Lançamento da cartilha em Brasília reforça protagonismo dos prefeitos

Como parte desse movimento de consolidação institucional, a cartilha atualizada será lançada no dia 19 de maio de 2026, em Brasília, durante um grande evento nacional que reunirá prefeitos, prefeitas e gestores municipais de todo o país.

O lançamento simboliza a relevância do tema na agenda pública nacional e reforça o papel dos prefeitos como protagonistas na decisão sobre onde e como movimentar os recursos do município.
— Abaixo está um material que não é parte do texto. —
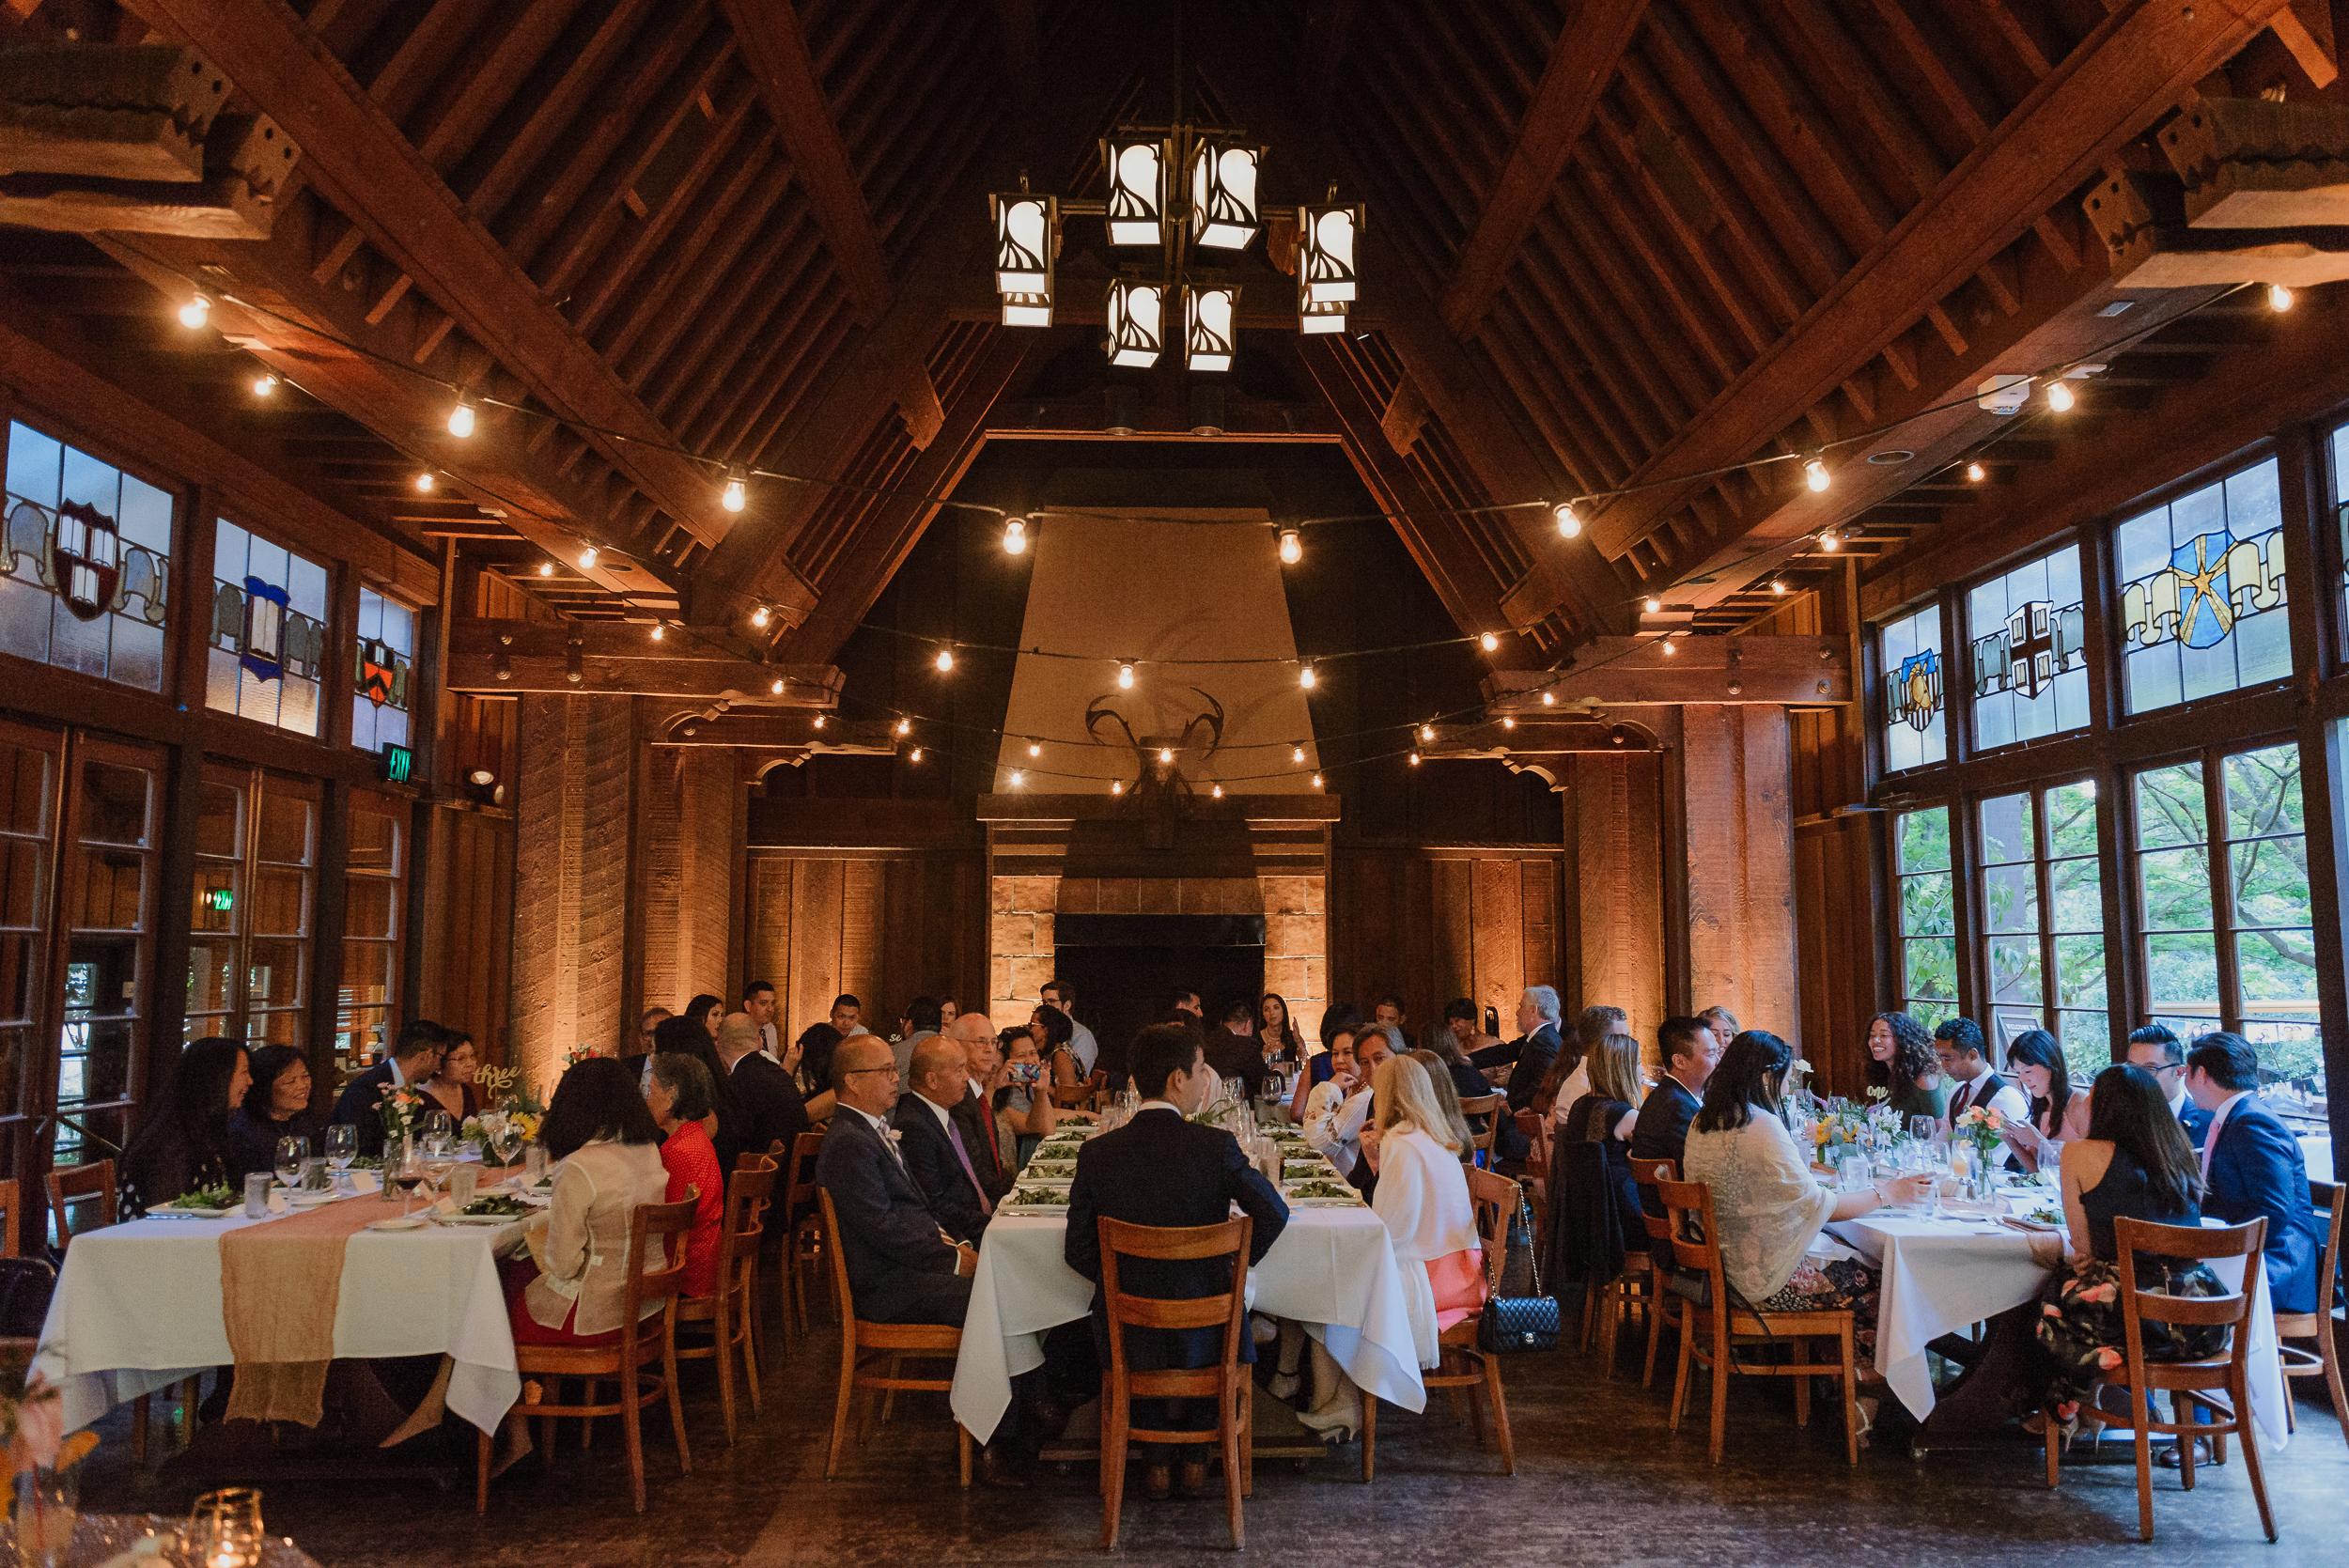 57-berkeley-uc-faculty-club-wedding-kb-vivianchen-360.jpg

O material incorpora as inovações trazidas pela Resolução CMN nº 5.273/2025, trazendo orientações práticas sobre segurança jurídica, limites prudenciais e oportunidades de ampliação do impacto econômico local.

Além de dados atualizados e fundamentos legais, a cartilha apresenta exemplos concretos de como a parceria entre municípios e cooperativas de crédito pode ir além dos depósitos, abrangendo arrecadação de tributos, folha de pagamento, gestão de fluxos financeiros e apoio a políticas públicas de desenvolvimento.

Segurança jurídica e evolução regulatória

A movimentação de recursos municipais em cooperativas de crédito é plenamente amparada pelo marco legal brasileiro. A legislação e as normas do Conselho Monetário Nacional estabelecem regras claras, supervisionadas pelo Banco Central, garantindo segurança jurídica e prudencial.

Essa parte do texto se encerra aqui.